I do really wish Honda would consider this and bring the option to market.


----------



## Trojanone1 (Jul 15, 2020)

TroyScherer said:


> I really want a 30" toro but having used my Honda HRX for the past 12 years I keep holding out for Honda to bring a 30" to market. IMO I feel like it would be even better than the Toro. But that probably me just fanboying sine I like my Honda so much.
> 
> I do really wish Honda would consider this and bring the option to market.


About how long does it take to mow your yard with your HRX? I currently use a 22" Husqvarna on 9k square feet, but am looking at moving to a new house with almost 14k square feet.


----------



## TroyScherer (Jul 17, 2018)

Trojanone1 said:


> About how long does it take to mow your yard with your HRX? I currently use a 22" Husqvarna on 9k square feet, but am looking at moving to a new house with almost 14k square feet.



It really only takes me 35-45 minutes to mow depending on how fast I go. But I almost always plan 1 hour for the time to get started and put things away after blowing them off.
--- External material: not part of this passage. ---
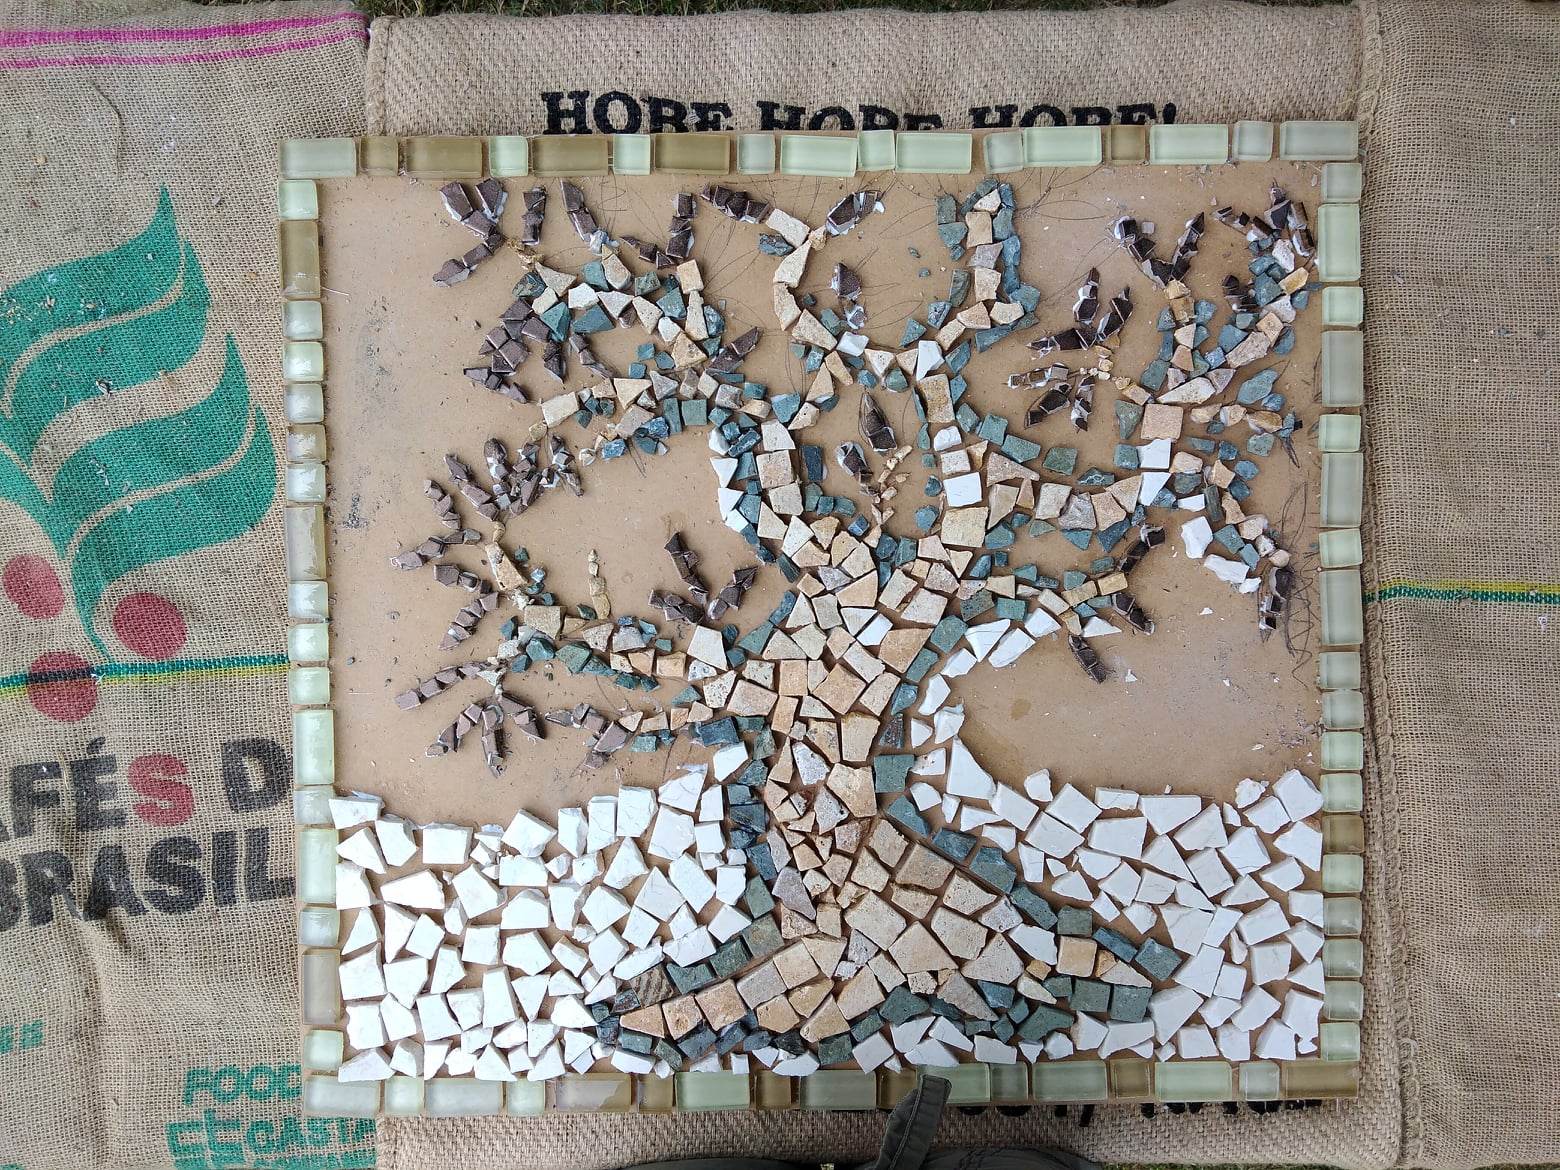 The tree mosaic starting to take shape

Trimming and stuff is usually extra since it's not necessarily every time or the same amount of work.


----------



## UltimateLawn (Sep 25, 2020)

@Trojanone1 , I get around 45 minutes for my 5,000 ft2. I have a number of trees, beds and other obstacles. Obstacle free I would get done in about 30 minutes.

Yes, edging and trimming is an additional 30 minutes for me...lots of beds!


----------



## dport (Oct 13, 2019)

Takes me 37 minutes (yes, I've timed it many times and that is the most usual number) to mow my 12k sq ft with the Honda HRX217. I keep the mower speed 1 or 2 notches below max on the lever.

Time above does not include weed whacking, edging, etc. Just the actual mow time.


----------



## Trojanone1 (Jul 15, 2020)

Good to know on mowing times. Thanks everyone.


----------